5i * 6i = 30i^2 i = sqrt(-1) so i^2 = -1
so 30 * -1 = -30

Answer 2

1. x2 - 4x + 20 = 0

*subtract 20 from both sides

x2 - 4x + 20 - 20 = 0 - 20
x2 - 4x = -20

*find a common factor between x^2 and 4x. Break break each set apart: x^2 is (x)(x) and (4)(x) stays as it is.
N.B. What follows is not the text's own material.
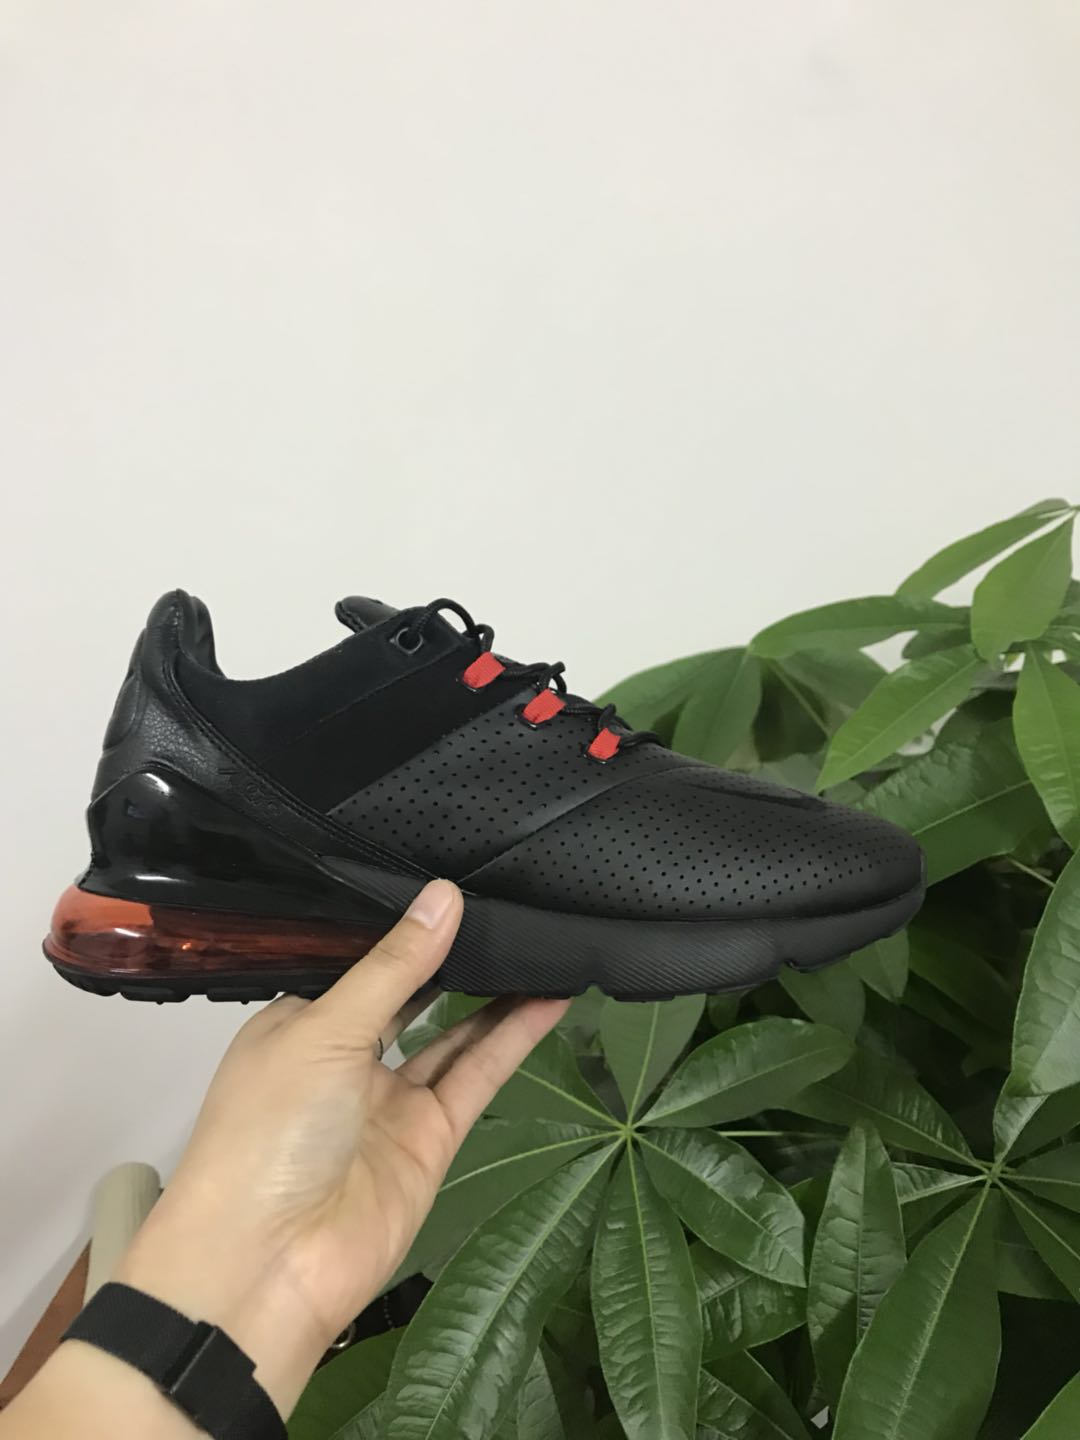 New Nike Air Max 270 Black Red - Click Image to Close

Common factor for both sets are one "x." Bring "x" to the front and multiply by the remaining parts:

x(x - 4) = - 20
you have two variables to solve for. Set each "x" to equal -20

x = -20 and

x - 4 = - 20
x - 4 + 4 = - 20 + 4
x = -16

2. x^2 - 25 = 0
x^2 - 25 + 25 = 0 + 25
x^2 = 25

*get rid of the exponent by finding the square root of both sides.

square root of x^2 is "x." Find the square root of a positive 25 and negative 25

x = -5, 5

3. 2x^2 - x - 3 = 0
2x^2 - x - 3 + 3 = 0 + 3
2x^2 - x = 3

*factor 2x^2 which is 2(x)(x) and "x" stays the same.
common factor: “x”

x(2x - 1) = 3
x = 3 and

2x -1 = 3
2x -1 + 1 = 3 + 1
2x = 4

2x/2 = 4/2
x = 2

4. y = x^2 – x + 6

Use a big X method: write a big “X” on paper. Take the first coefficient (1) and multiply it by the last number (6) which equals 6. Write 6 at the top of the big “X.”

Take the middle coefficient (-1) and write in on the bottom of the big “X.”

Find two numbers that give you (6) when multiplied together and (–1) when added or subtracted from each other.

You can use: 3, -2 and y = (x +3)(x – 2)

5. y = x^2 – 7x

you break them apart: (x)(x) - 7(x)
common factor: one “x” and brinf “x” to the front and multiply it by the remanining parts.

y = x(x – 7)

6. y = x^2 + 20x + 100
use the big “X” method

the two numbers to give you 100 when multiplied are 10 and 10. They give you 20 when added together.

Y = (x + 10) (x + 10)

7. 3x^2 -x-24
use the big “X” method

top number is 3(24) = 72
bottom number is middle coefficient: -1

two numbers that give me 72 when multiplied: 6(7) and give me –1 when (–7 + 6)

y = (x – 7) (x + 6)

8. square root of –9 + the sqaure root of –16

its impossible to find the square root of a negative number so, the negative sign becomes an imaginary number know as: “i”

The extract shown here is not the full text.